The change here was not to the documented behavior of a stable API (we never guaranteed any particular pointer value or range), so there's no semver reason to forbid it. Your system accidentally depended on an implementation detail, and we must be allowed to change implementation details.

from rust.

asquared31415 avatar asquared31415 commented on July 29, 2024

0x01 is a valid pointer for a zero length slice. This was an intentional change for pointers to constants of zero size (I can't find the PR that added it though)

@rustbot label -needs-triage -C-bug +C-discussion

from rust.

workingjubilee avatar workingjubilee commented on July 29, 2024

It also requires the type, str, require an alignment of only 1. Which it does.

These are both constants and the compiler can, by definition, even if we allocate them somewhere in the binary, put them anywhere. It is also permitted to e.g. take these two strings and make the relevant assert pass. Or not. You shouldn't rely on the address of constants, only a static could ever possibly be anything meaningful there (and it is also probable that we can make zero-sized statics occupy the same address).

let x = "lol, lmao";
let y = "lol";
assert_eq!(x.as_ptr(), y.as_ptr());

The PR in question was #123936

from rust.

workingjubilee avatar workingjubilee commented on July 29, 2024

Could you explain what code you are concerned about that this change breaks, and if it differs from either of these cases?

from rust.

flaub avatar flaub commented on July 29, 2024

Here's my problem with this, the ZST is somehow being extended to a type that isn't a ZST or could be changed to a DST.

For instance:

let mut buf: &[u8] = &[]; // starts off as a ZST
buf = &[1]; // clearly not a ZST

It feels like a ZST should only exist in the context of construction, but in later contexts, the type alone is not enough to express that something is a ZST. Like &[] is fine, but if I assign it to a &[u8] it feels like all bets are off.

The code where I am running into issues is similar to FFI. In our case it's a syscall that is used for interfacing a guest running in a virtual machine with a host. The actual test case is:

let mut input: &[u8] = &[];
let mut input_len: usize = 0;

for _ in 0..count {
    let host_data = env::send_recv_slice::<u8, u8>(SYS_MULTI_TEST, &input[..input_len]);

    input = bytemuck::cast_slice(host_data);
    input_len = input.len();
}

The env::send_recv_slice calls a syscall which operates on pointers and eventually operates on raw u32 values.

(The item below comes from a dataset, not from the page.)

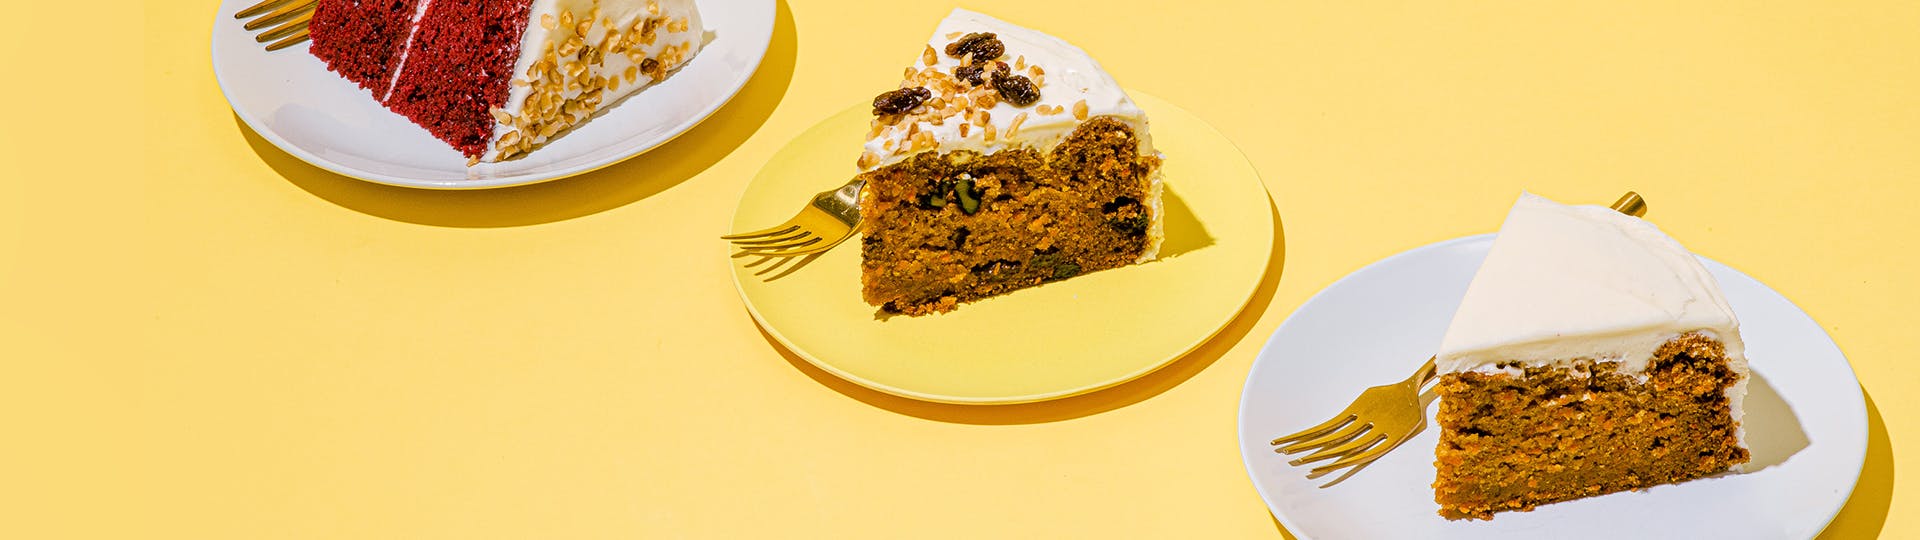 15 Places to Get Incredibly Moist Carrot Cake in Manila | Booky

I think everything would be fine if we could just detect (ideally at compile-time) and disallow ZSTs from calling send_recv_slice, the signature is:

pub fn send_recv_slice<T: Pod, U: Pod>(syscall_name: SyscallName, to_host: &[T]) -> &'static [U]

which eventually calls:

/// Exchange data with the host.
pub fn syscall(syscall: SyscallName, to_host: &[u8], from_host: &mut [u32]) -> syscall::Return {
    unsafe {
        syscall_2(
            syscall,
            from_host.as_mut_ptr(),
            from_host.len(),
            to_host.as_ptr() as u32,
            to_host.len() as u32,
        )
    }
}

from rust.

flaub avatar flaub commented on July 29, 2024

I suppose we could check for a buf.len() == 0 and pass a null pointer instead, but now we need to add extra logic and in our context, every cycle is very precious.

from rust.

workingjubilee avatar workingjubilee commented on July 29, 2024

So the syscall itself performs undefined behavior on being told that it should read and write 0 bytes, and you do not have control over how it behaves?

from rust.

asquared31415 avatar asquared31415 commented on July 29, 2024

You should not be accessing more than 0 bytes behind a slice with length 0, that's UB no matter where the pointer is. I don't see the issue here without knowing exactly what you're doing with that pointer.

from rust.

workingjubilee avatar workingjubilee commented on July 29, 2024

Here's my problem with this, the ZST is somehow being extended to a type that isn't a ZST or could be changed to a DST.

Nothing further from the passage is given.